2. On the north of the valley, opposite to the sloping hills which mark the site of Laodicea, is a broad level terrace jutting out from the mountain side and overhanging the plain with almost precipitous sides. On this plateau are scattered the vast ruins of Hierapolis[36]. The mountains upon which it abuts occupy the wedge of ground between the Mæander and the Lycus; but, as the Mæander above its junction with the Lycus passes through a narrow ravine, they blend, when seen from a distance, with the loftier range of the Mesogis which overhangs the right bank of the Mæander almost from its source to its embouchure, and form with it the northern barrier to the view, as the Cadmus range does the southern, the broad valley stretching between. Thus Hierapolis may be said to lie over against Mesogis, as Laodicea lies over against Cadmus[37].

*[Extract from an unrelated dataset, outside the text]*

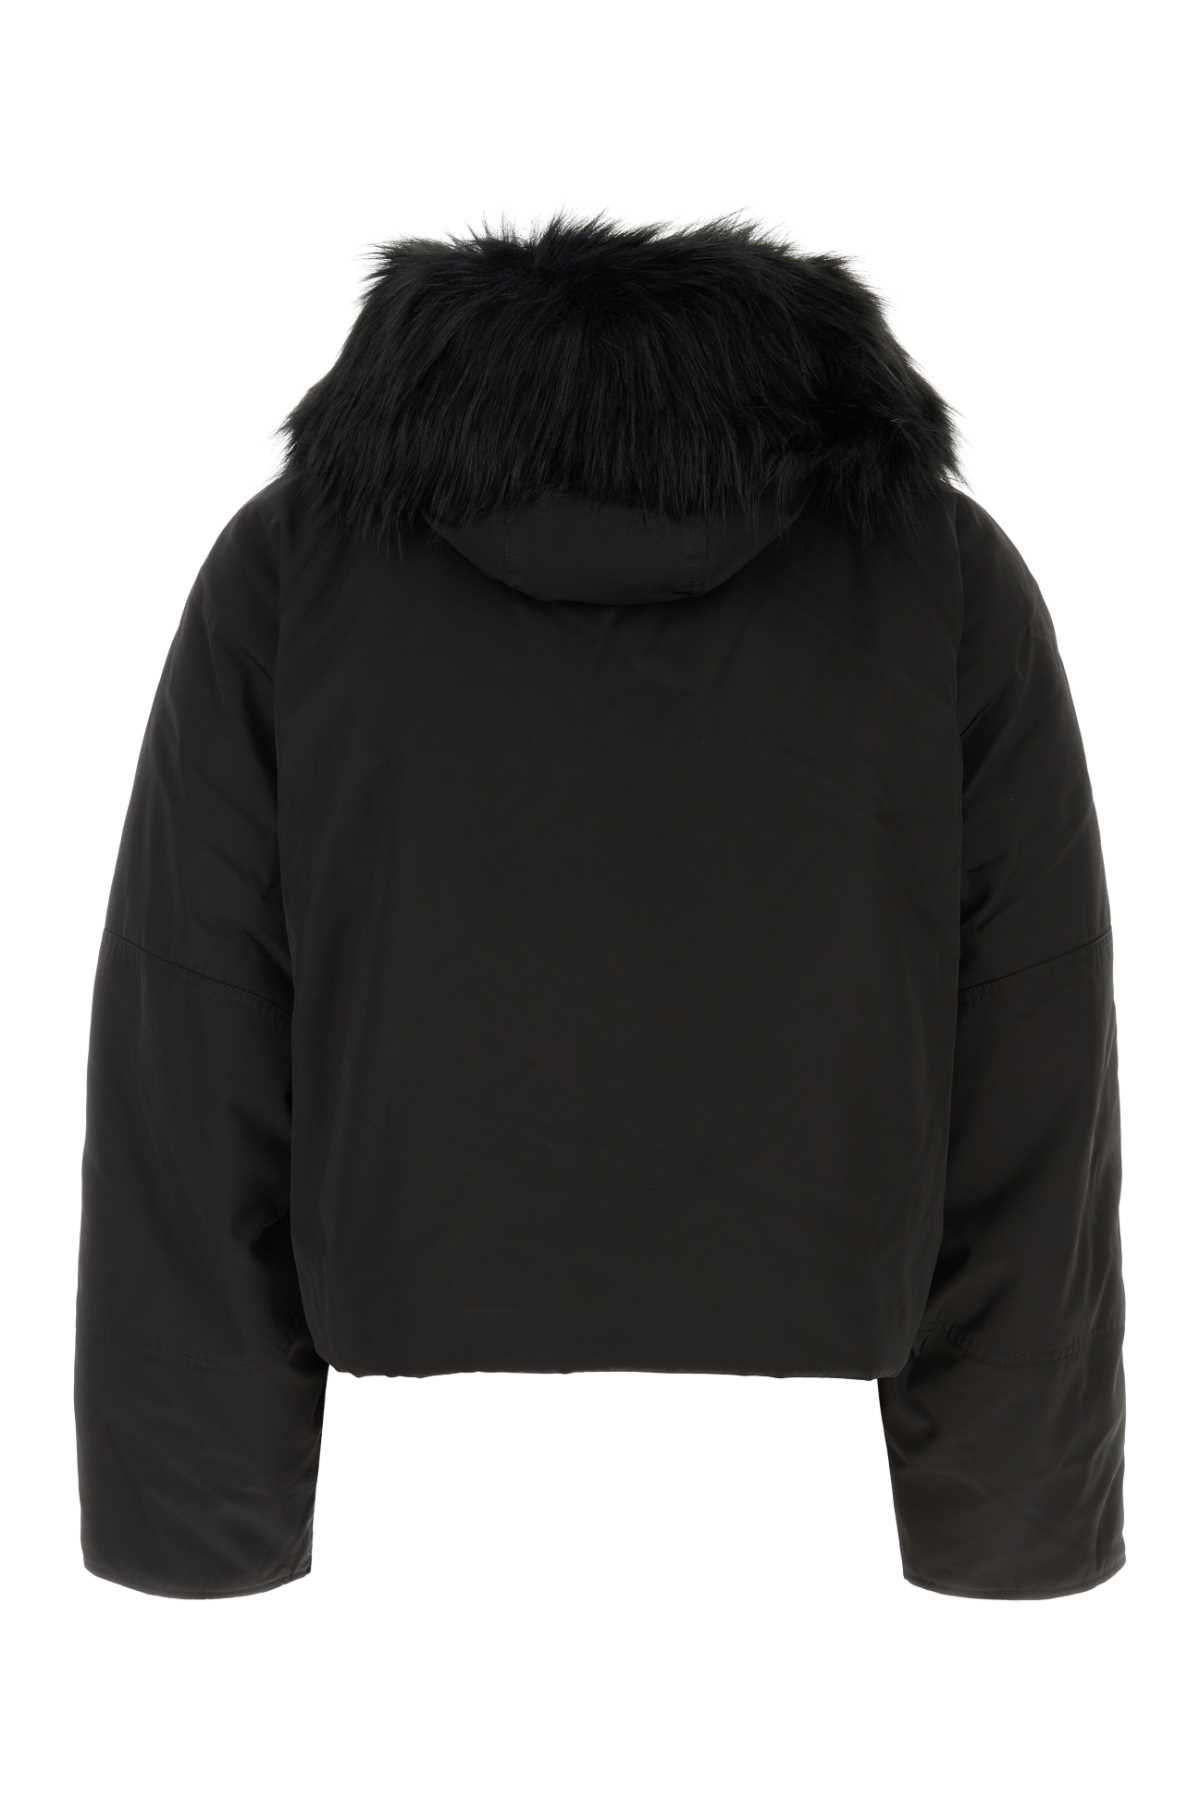 Alyx Black Polyester Padded Jacket
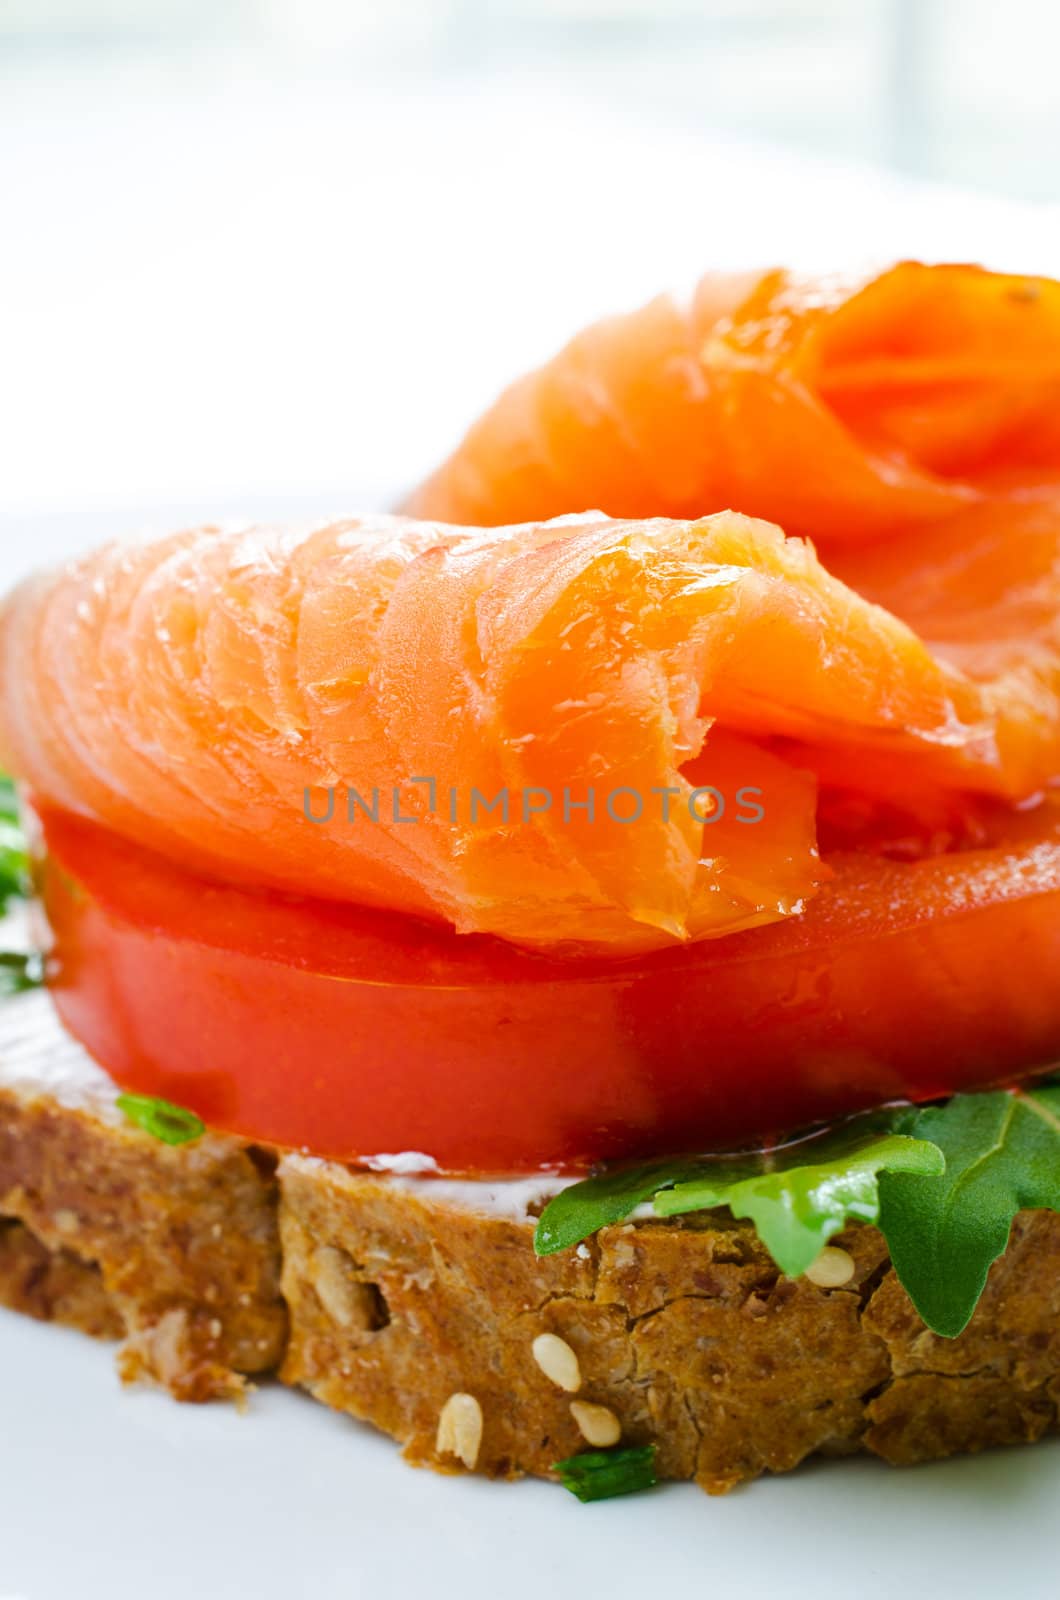 Smoked salmon sandwich with tomato and rye bread by Nanisimova

Remarkable physical features.
It is at Hierapolis that the remarkable physical features which distinguish the valley of the Lycus display themselves in the fullest perfection. Over the steep cliffs which support the plateau of the city, tumble cascades of pure white stone, the deposit of calcareous matter from the streams which, after traversing this upper level, are precipitated over the ledge into the plain beneath and assume the most fantastic shapes in their descent. At one time overhanging in cornices fringed with stalactites, at another hollowed out into basins or broken up with ridges, they mark the site of the city at a distance, glistening on the mountain-side like foaming cataracts frozen in the fall.
Their relation to the Apostolic history.
But for the immediate history of St. Paul’s Epistles the striking beauty of the scenery has no value. It is not probable that he had visited this district when the letters to the Colossians and Laodiceans were written. Were it otherwise, we can hardly suppose, that educated under widely different influences and occupied with deeper and more absorbing thoughts, he would have shared the enthusiasm which this scenery inspires in the modern traveller. Still it will give a reality to our conceptions, if we try to picture to ourselves the external features of that city, which was destined before long to become the adopted home of Apostles and other personal disciples of the Lord, and to play a conspicuous part—second perhaps only to Ephesus—in the history of the Church during the ages immediately succeeding the Apostles.
Hierapolis a famous watering-place.
Like Laodicea, Hierapolis was at this time an important and a growing city, though not like Laodicea holding metropolitan rank[38]. Besides the trade in dyed wools, which it shared in common with the neighbouring towns, it had another source of wealth and prosperity peculiar to itself. The streams to which the scenery owes the remarkable features already described, are endowed with valuable medicinal qualities, while at the same time they are so copious that the ancient city is described as full of self-made baths[39]. An inscription, still legible among the ruins, celebrates their virtues in heroic verse, thus apostrophizing the city:
Hail, fairest soil in all broad Asia’s realm;
Hail, golden city, nymph divine, bedeck’d
With flowing rills, thy jewels[40].
Coins of Hierapolis too are extant of various types, on which Æsculapius and Hygeia appear either singly or together[41]. To this fashionable watering-place, thus favoured by nature, seekers of pleasure and seekers of health alike were drawn.
The magnificence of its ruins.
To the ancient magnificence of Hierapolis its extant ruins bear ample testimony. More favoured than Laodicea, it has not in its immediate neighbourhood any modern town or village of importance, whose inhabitants have been tempted to quarry materials for their houses out of the memorials of its former greatness. Hence the whole plateau is covered with ruins, of which the extent and the good taste are equally remarkable; and of these the palæstra and the thermæ, as might be expected, are among the more prominent.